A plea, in spite of myself


Tomorrow, the fourth installment of my Edward fix the Bella/Edward/Jacob saga will be released. And you know that because, like me, you, too, have shred every ounce of dignity and self-respect by caving into the mania that is the Twilight series.

I wanted to NOT like these books. Really, I did.

I tend to want to buck trends simply out of spite. I don't like to do something, just because everyone else is doing it or saying that I should.

I resisted reading even the back cover of the first one until well after the first three had been published and were dominating all the best seller lists. I listened to friends prattle on about how romantic they were, how lovely Edward was, BLAH, BLAH, BLAH.

And teen fiction?

I wasn't reading that when I was a teen.

But Ms. Meyers has created another tragic, haunting hero that I have grudgingly put on the mental boyfriend shelf next to Heathcliff, Mr. Darcy, Edward Ferrars, and Atticus Finch (come on, you know you all want him, too).

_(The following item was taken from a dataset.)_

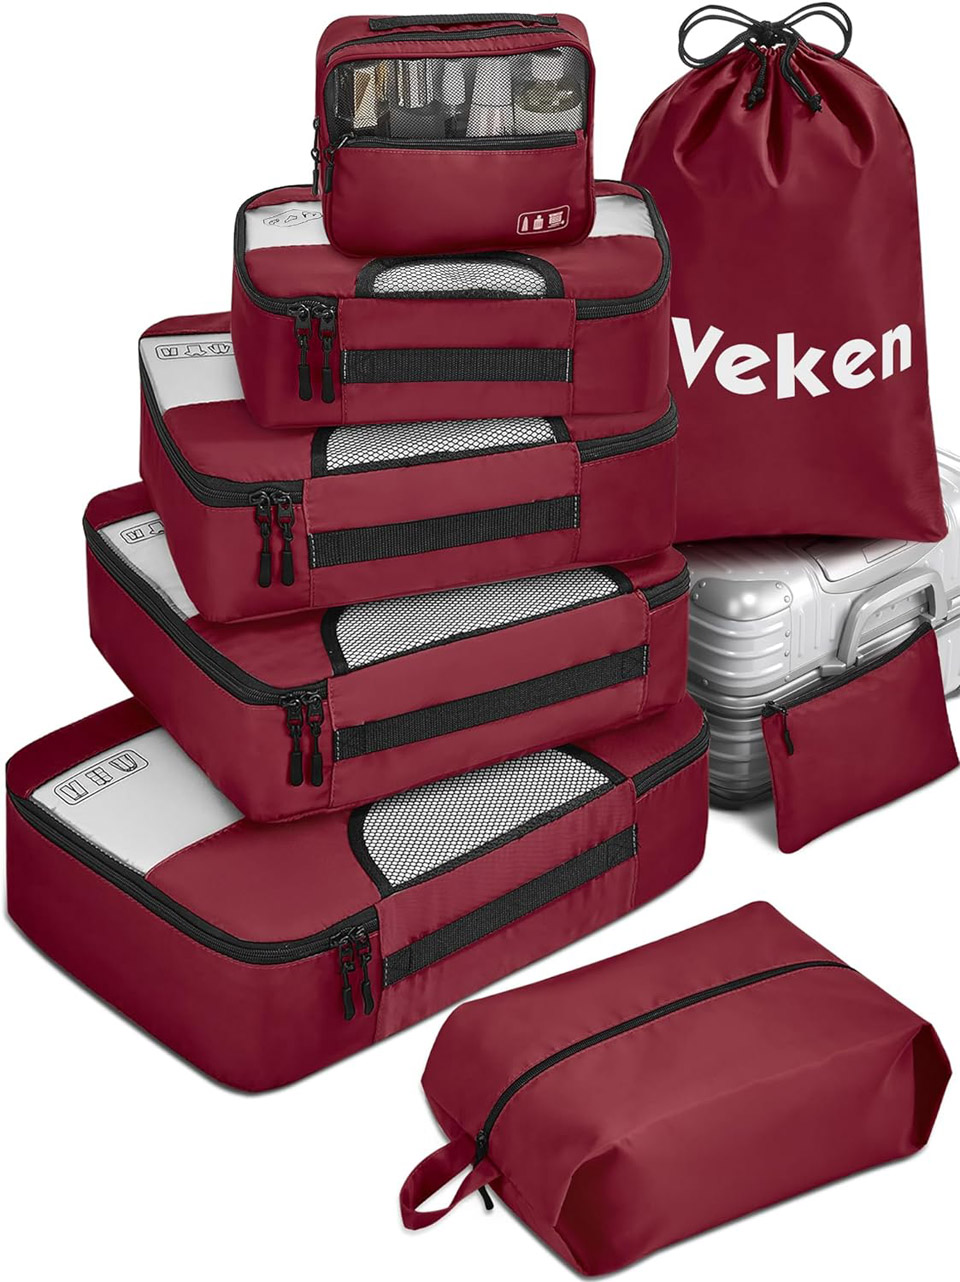 Veken 8 Set Packing Cubes For Travel

Edward (in spite of the fact that he's a blood-sucking vampire) has become a household name at women's gatherings. We talk of him, we dream of him, and some women out there even make shirts, plastering his name across their chests. In my grown-up, semi-responsible mother world, I have never seen anything like this. It feels like the Beatlemania of our housewife generation.

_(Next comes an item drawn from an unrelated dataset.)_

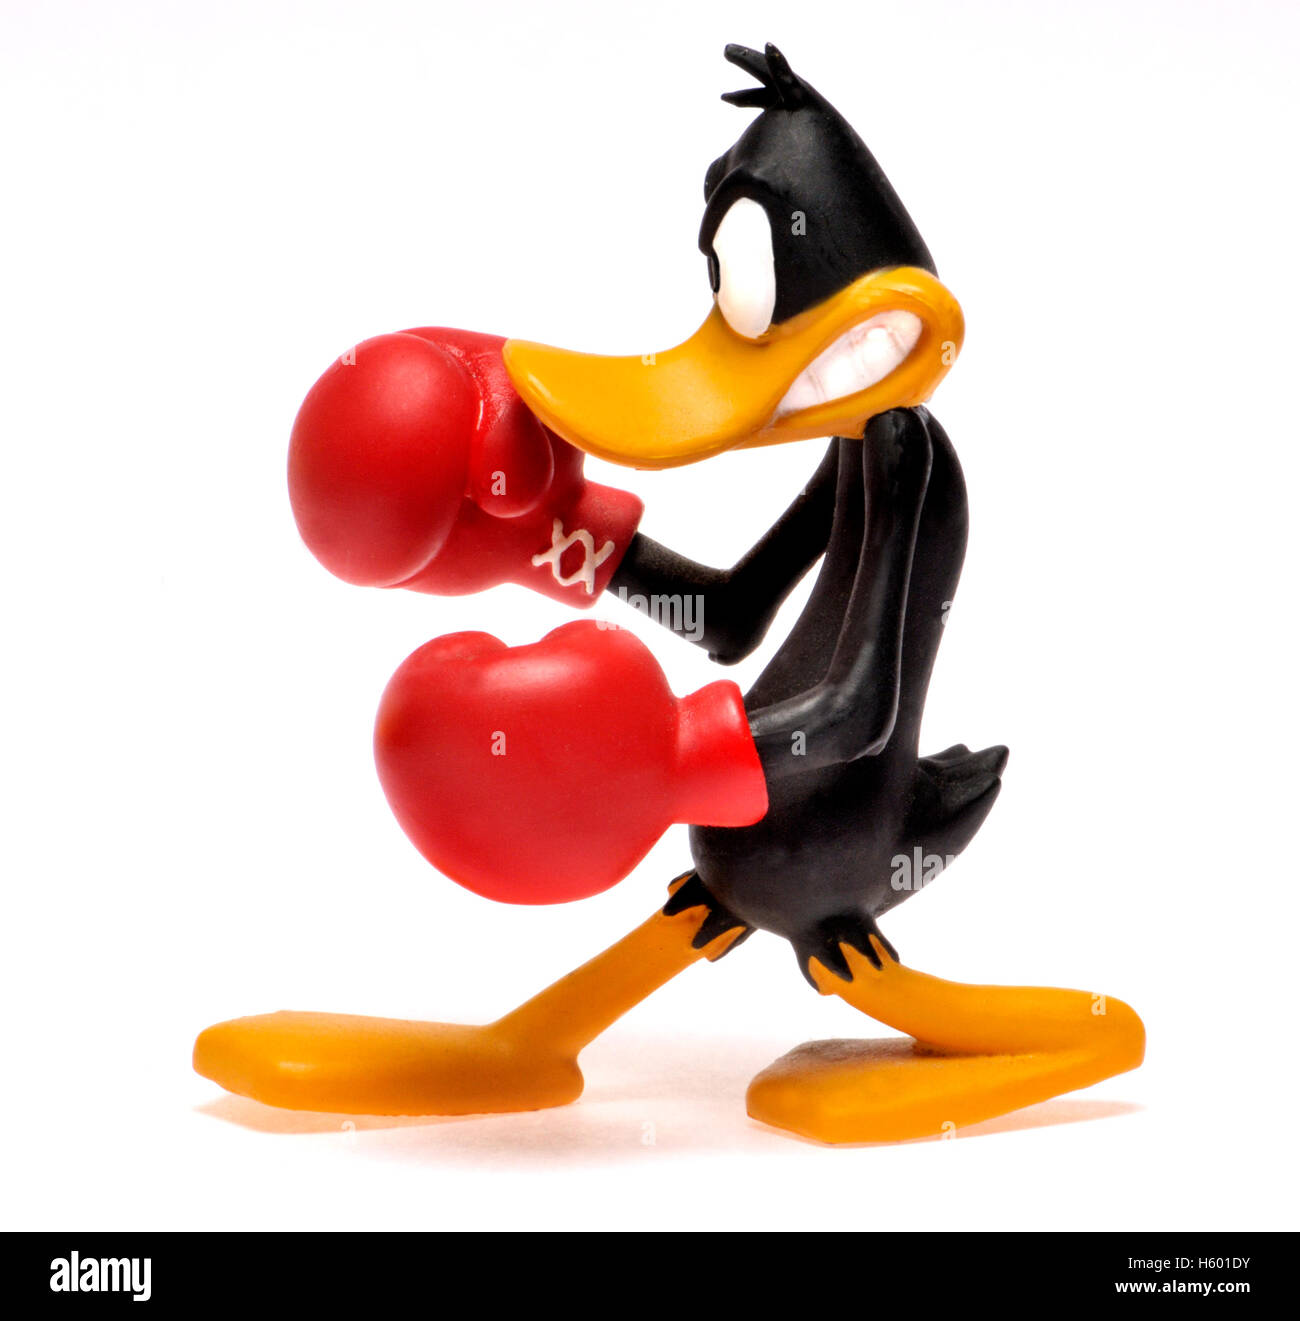 Personaggio dei fumetti - figurine di Daffy Duck boxe Foto Stock

And here is where I make a solemn plea to our dear Ms. Meyers.

Tomorrow, I will pick my copy up, bright and early at the bookstore. I will most likely spend a couple of days ignoring my family while reading this new book. But should I get to the end and find that Jacob The Dog wins, I will be seriously ticked off that I wasted any time on these books at all.

You did not suck me into this teen crap to leave our darling boy alone for all eternity. Do not go for an ending with controversy, as some authors are prone to do. GIVE US WHAT WE WANT ALREADY. Have him suck the life out of her, turn her into one like him, and let them spend eternity hunting mountain lions together, as two perfectly beautiful stone-cold vampires.

[Oh, geez. Tell me I did not just write that last sentence. I really need help, as do all of you, vehemently nodding your heads in agreement while reading this in your "I heart Edward" t-shirt. Come on, you know who you are.]

But seriously. If it doesn't end well, I be one unhappy mama.

Please let it end well.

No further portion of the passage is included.